Action item >> Leaving out the images, return the data below exactly as it is written.

Data segment >>

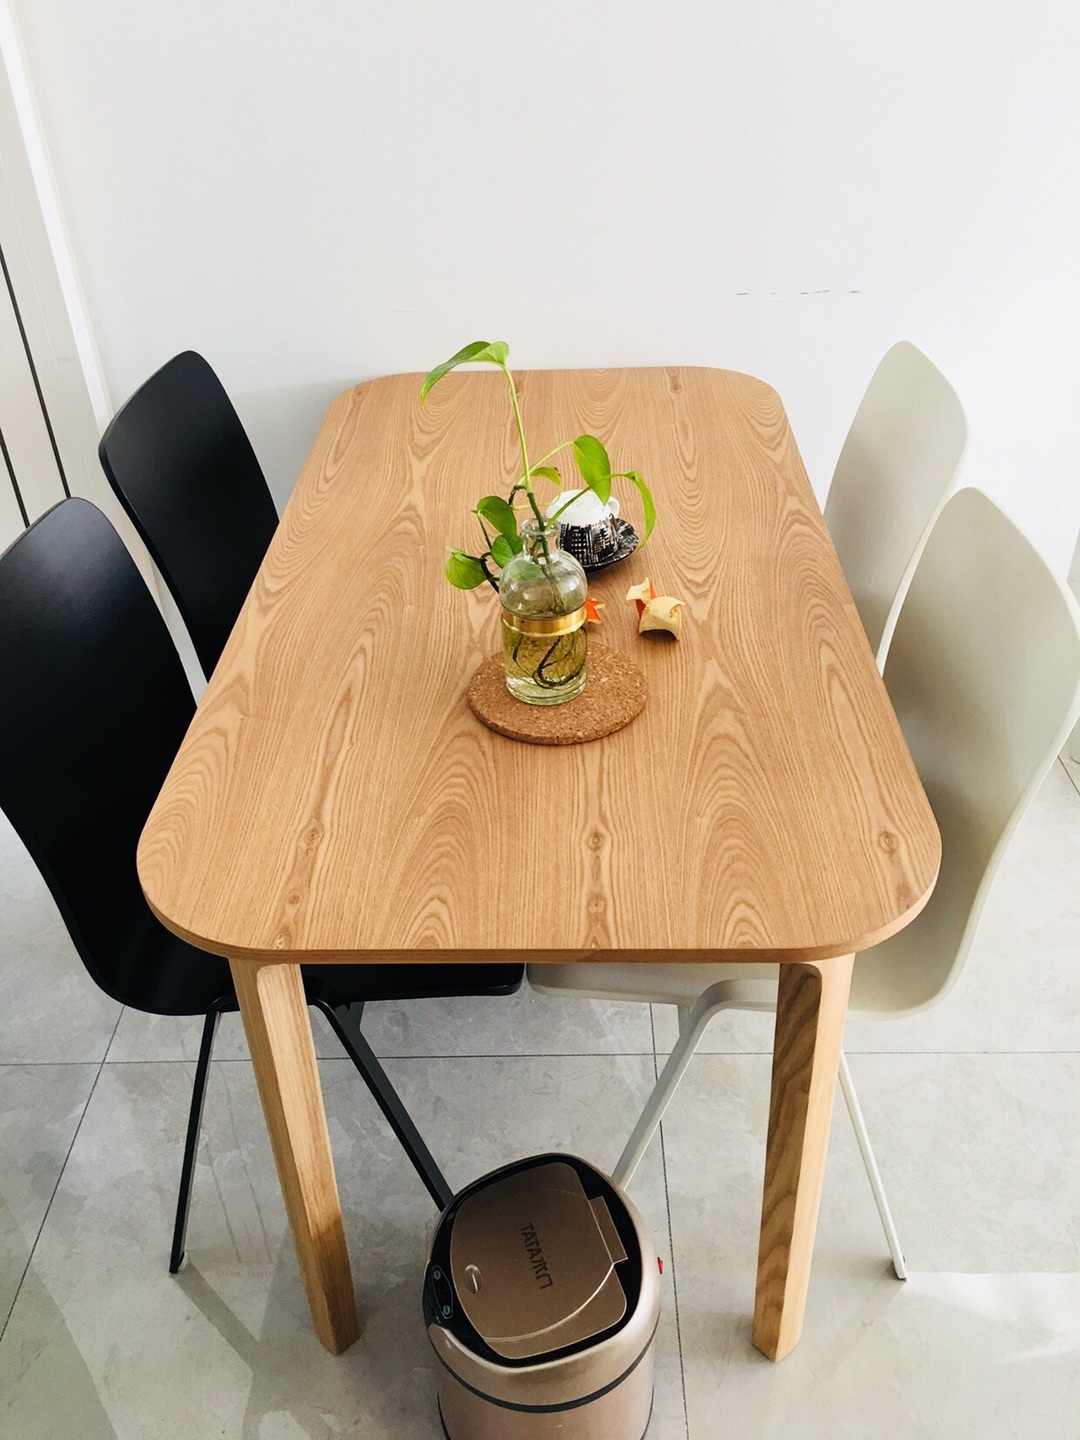 杨对瓦檐实木餐桌® 1.3/1.8米发布的晒单效果图及评价
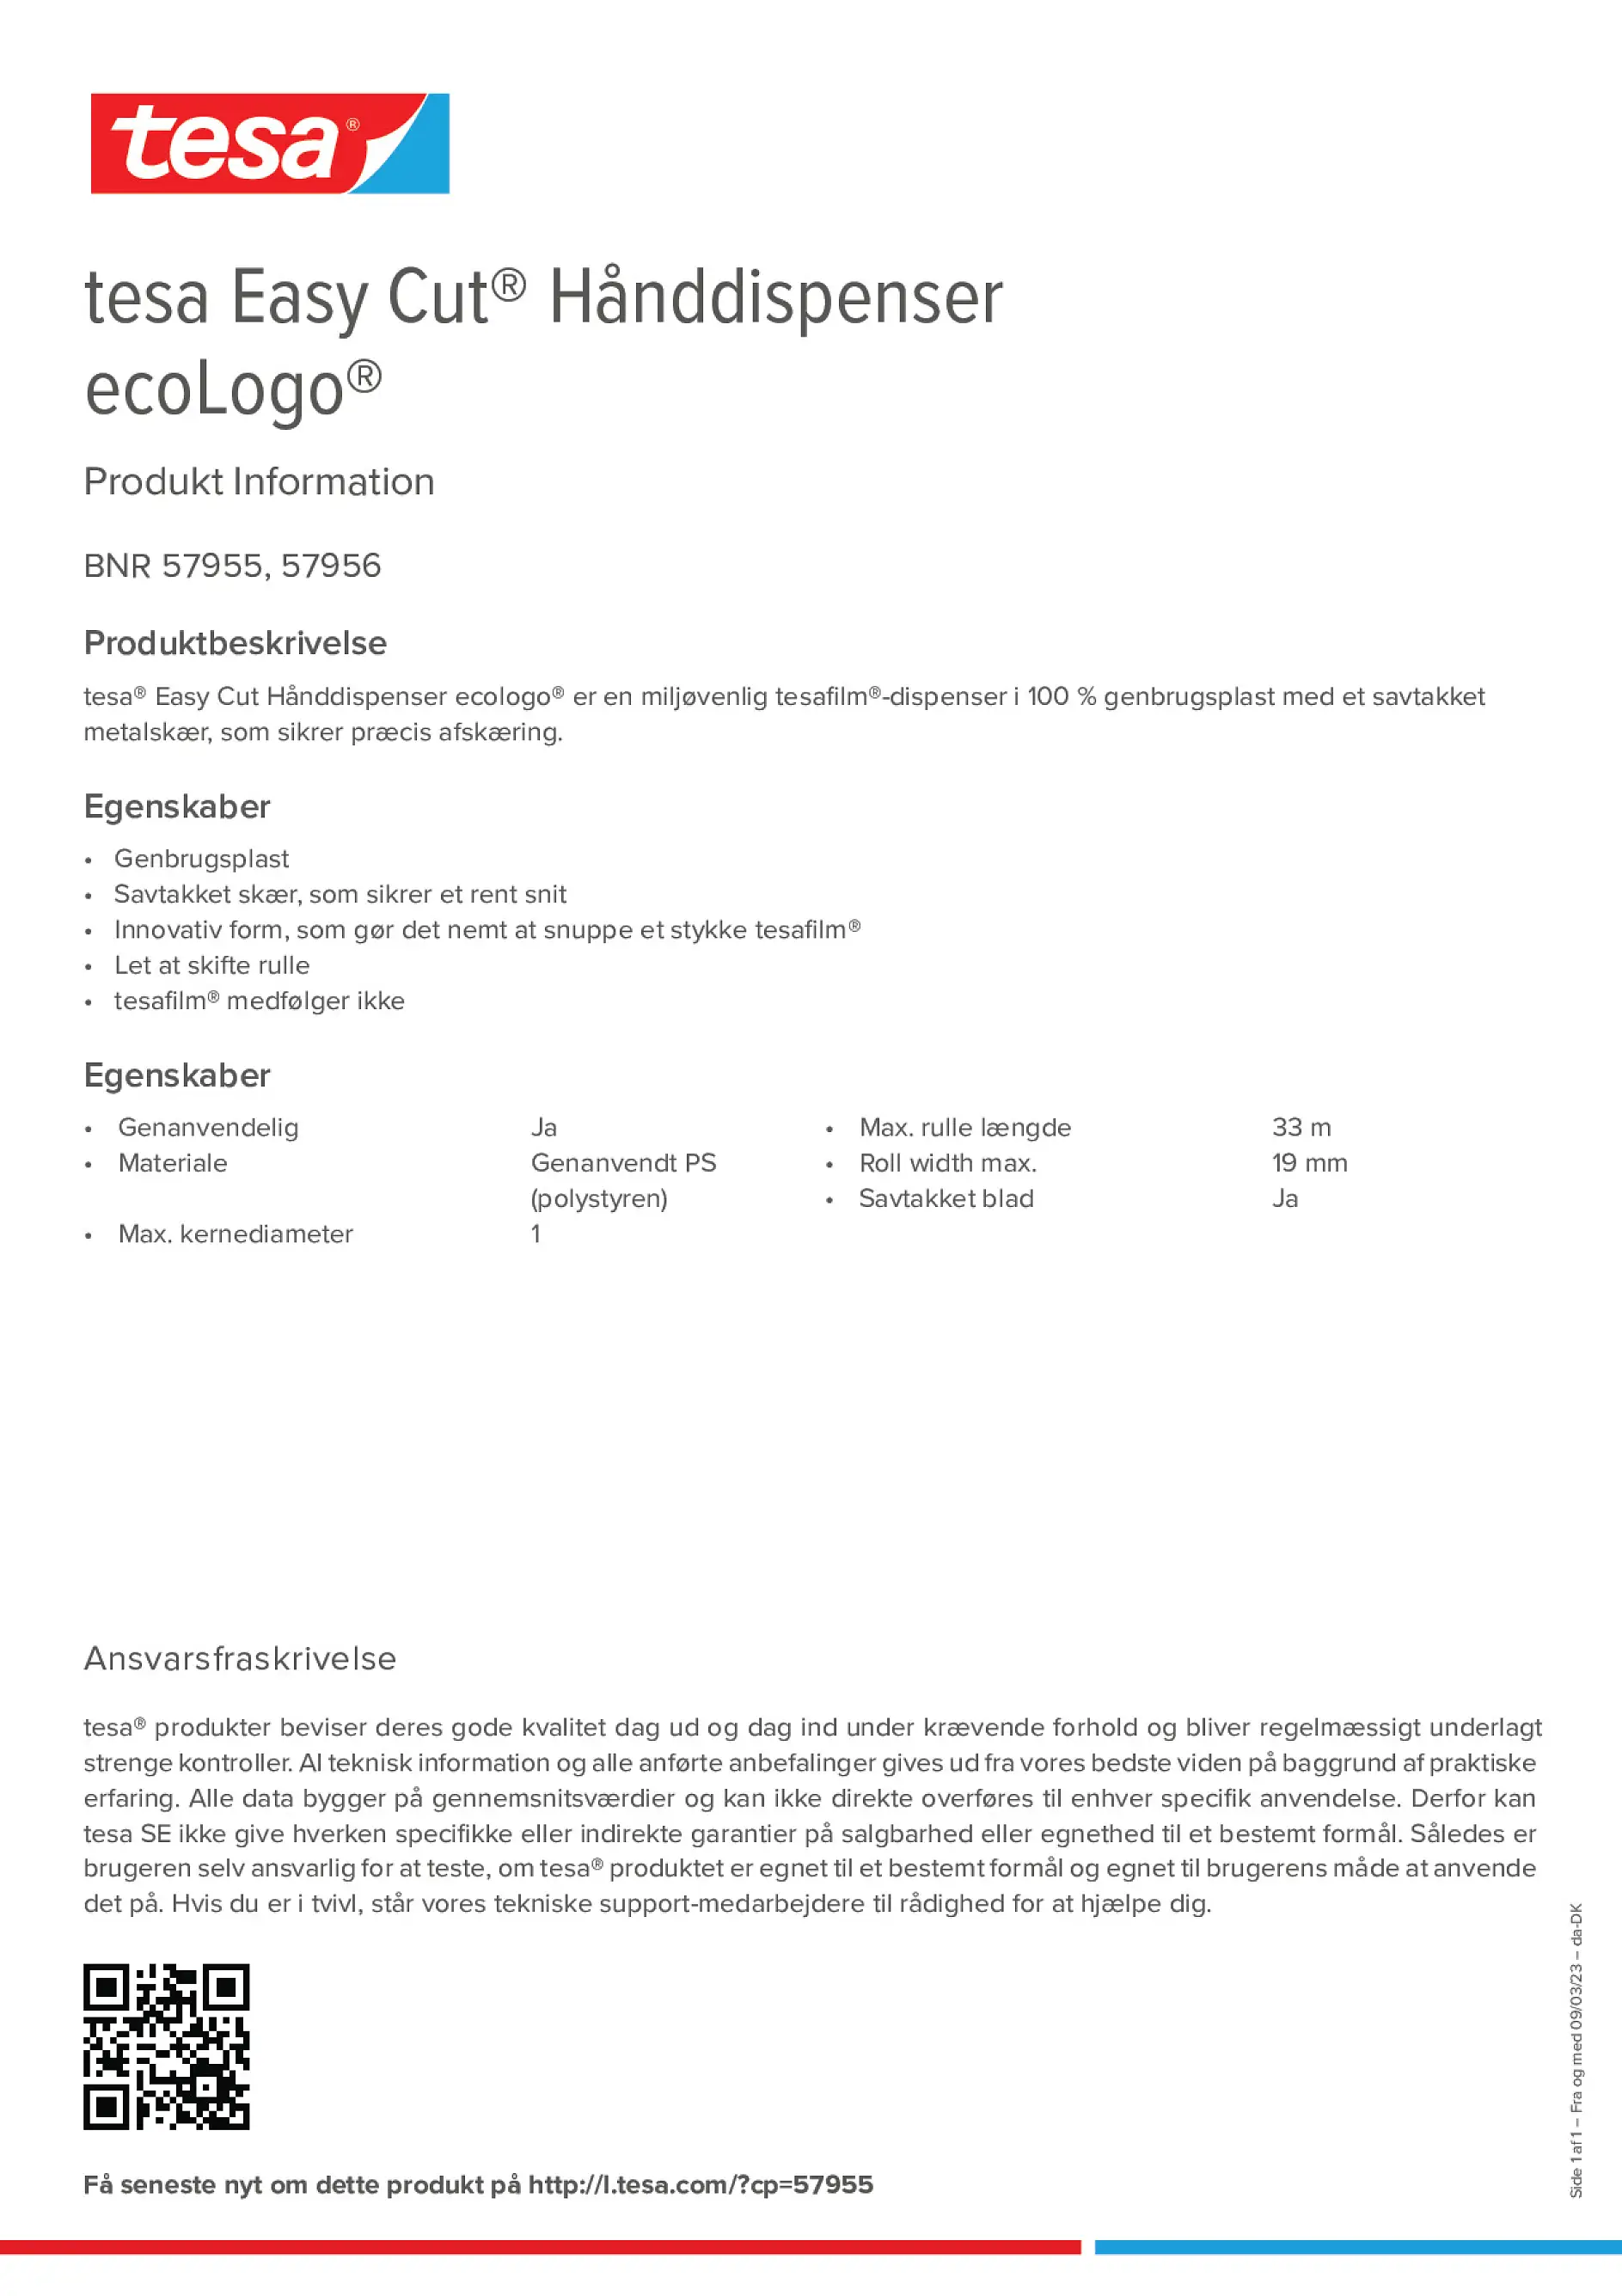 easy-cut-hand-dispenser-ecologo_copiw_da-DK
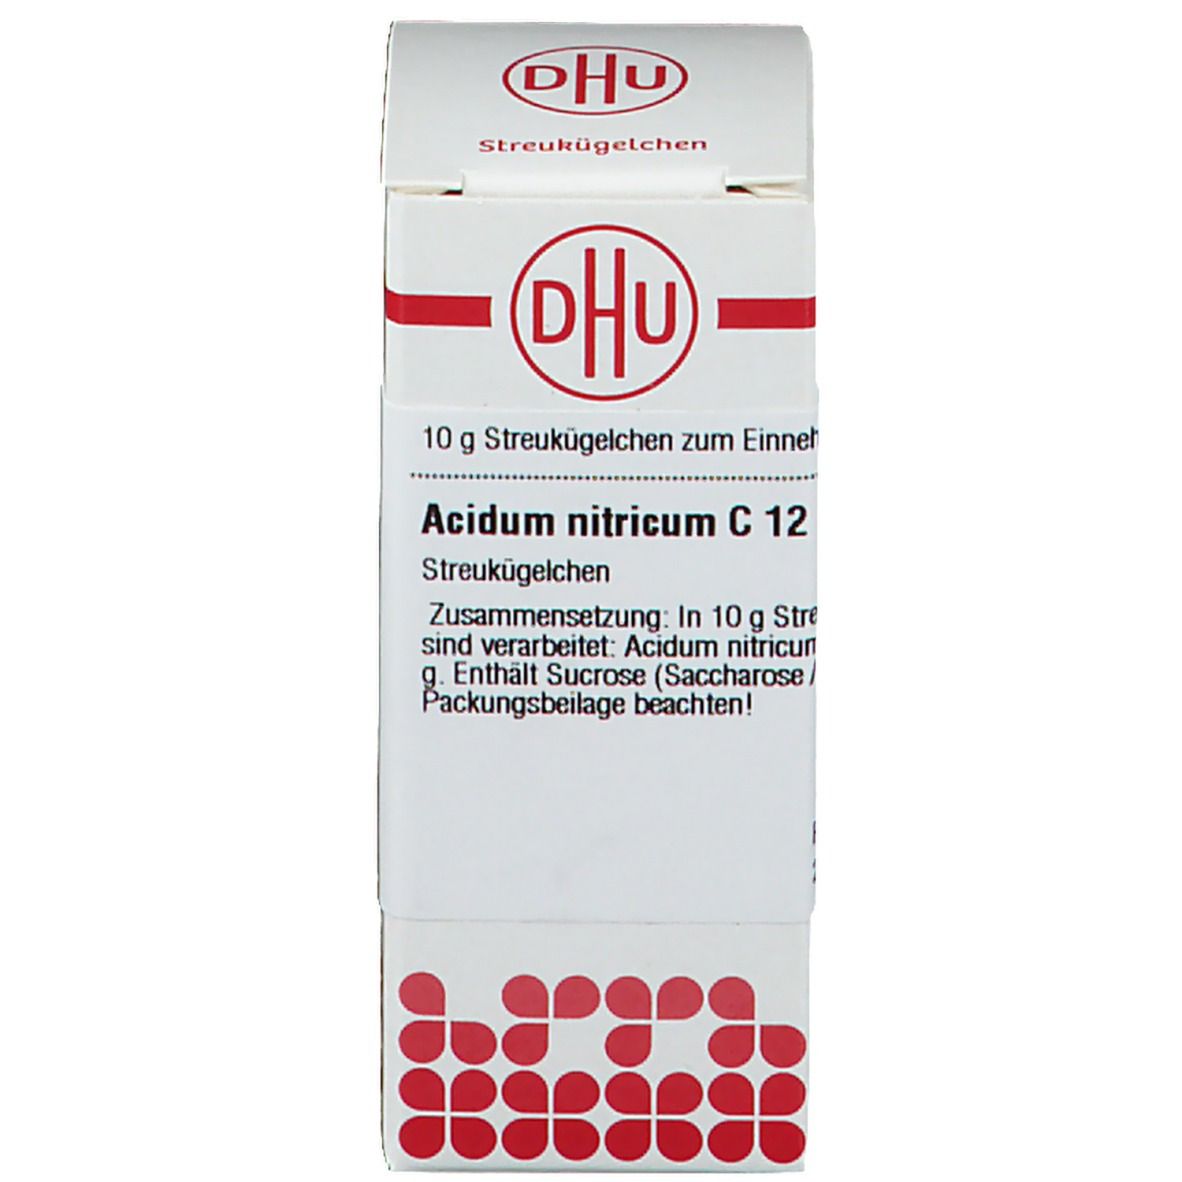 DHU Acidum Nitricum C12

Exercise answer >>
 杨对瓦檐实木餐桌® 1.3/1.8米发布的晒单效果图及评价
 easy-cut-hand-dispenser-ecologo_copiw_da-DK
 DHU Acidum Nitricum C12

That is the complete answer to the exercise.